I find this to be a common request I ask of Jesus, Give me grace and grow my small faith.

I know I am young, but I believe I have had the privilege to experience a lot with God. I have learned so much and be exposed to a lot of different cultures and environments of worship.

 I don't say this to say I am somehow a better person or to be prideful, but really to say that I need Jesus more then ever. I need His grace more and more each day. I need His spirit to grow the small faith I have, because even though I have seen amazing things and God's faithfulness, I struggle.

 I have struggled with believing the truth at times and so I have doubted God's character. I have struggled to choose faith over anxiety and apathy. I have struggled with comparing my walk with God with others. My calling with others.  I have feared peoples opinions and expectations. I need Jesus.

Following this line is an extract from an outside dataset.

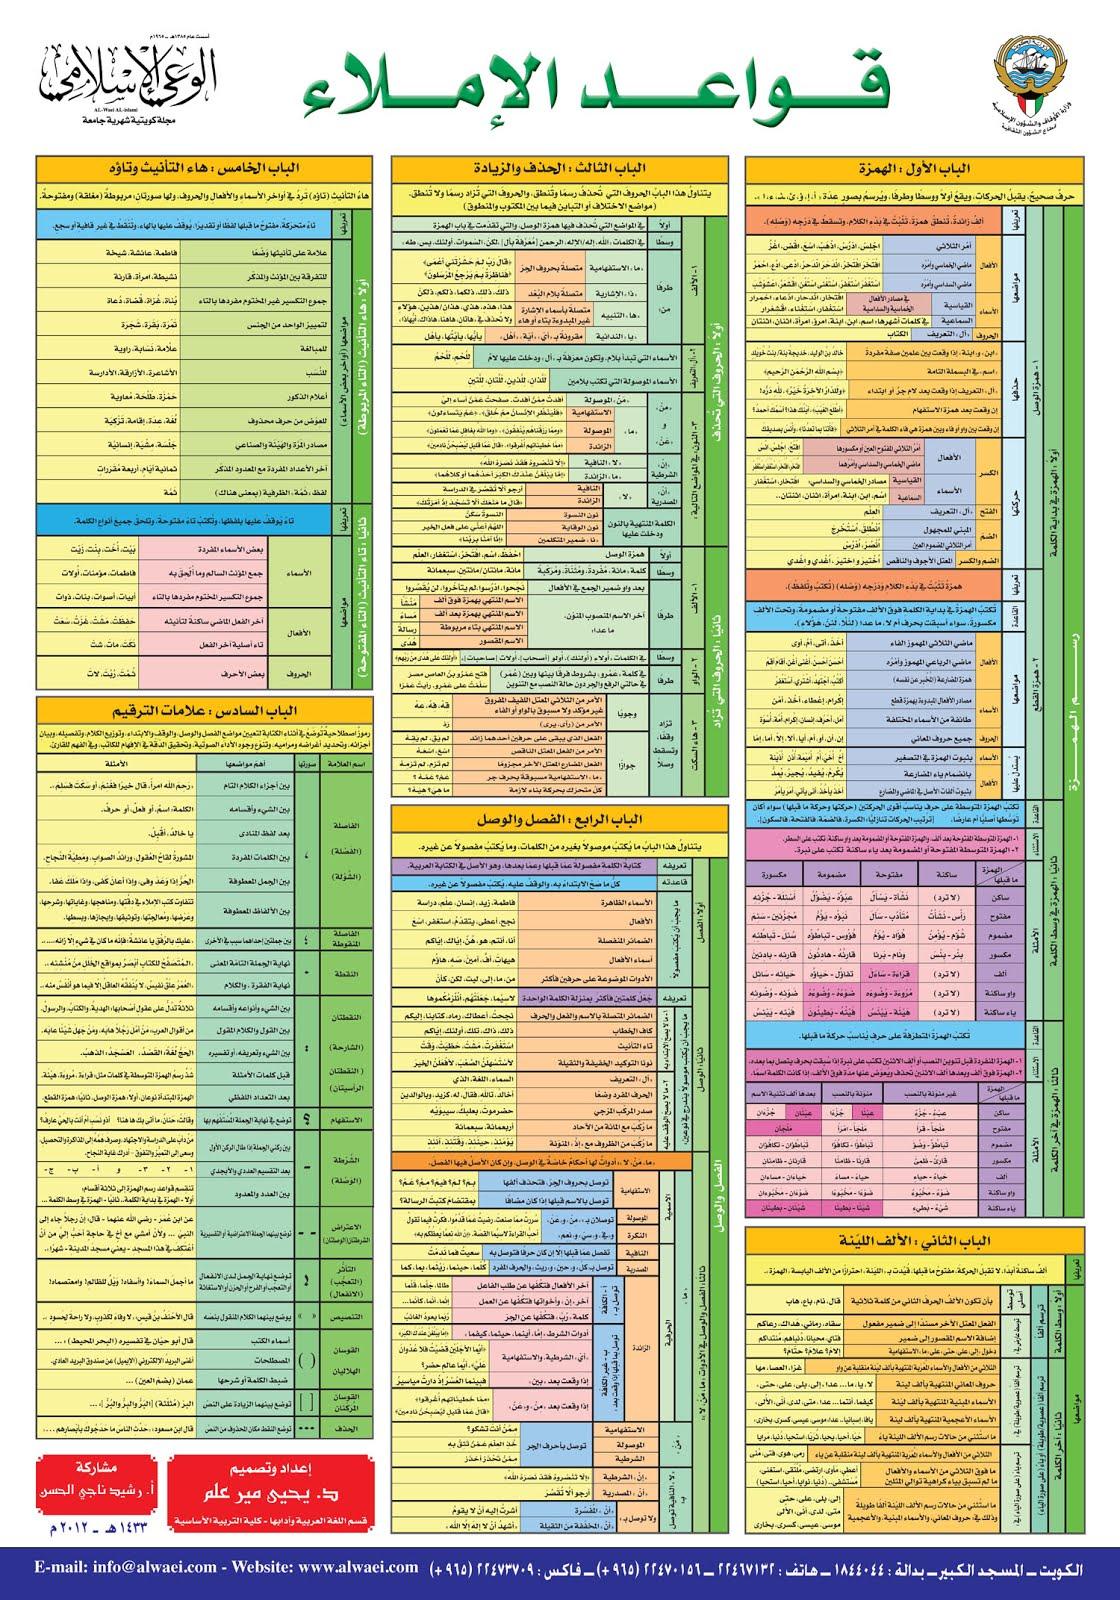 هدية رائعة: ملخص كل قواعد الاملاء فى ورقة واحدة - صفحة 3 Modars1.com-077

However I don't want more of Jesus just so I can be a better person. I know now that that isn't the point. "better person". My expectations of better, and God's can be very different. I want to pick up God's grace and get some of this out of my life so that I can be closer to God, bring more glory to Him, and to be a resting place for the Holy Spirit. I want to be a light in the darkness and I breath of fresh air for the people around me because I walk with God. I want to speak God, act God, love God, be His vessel. So I need Grace. I can't do any of this without God. Death to self and may I live like Jesus, doing what my Father asks and delighting in Him forever.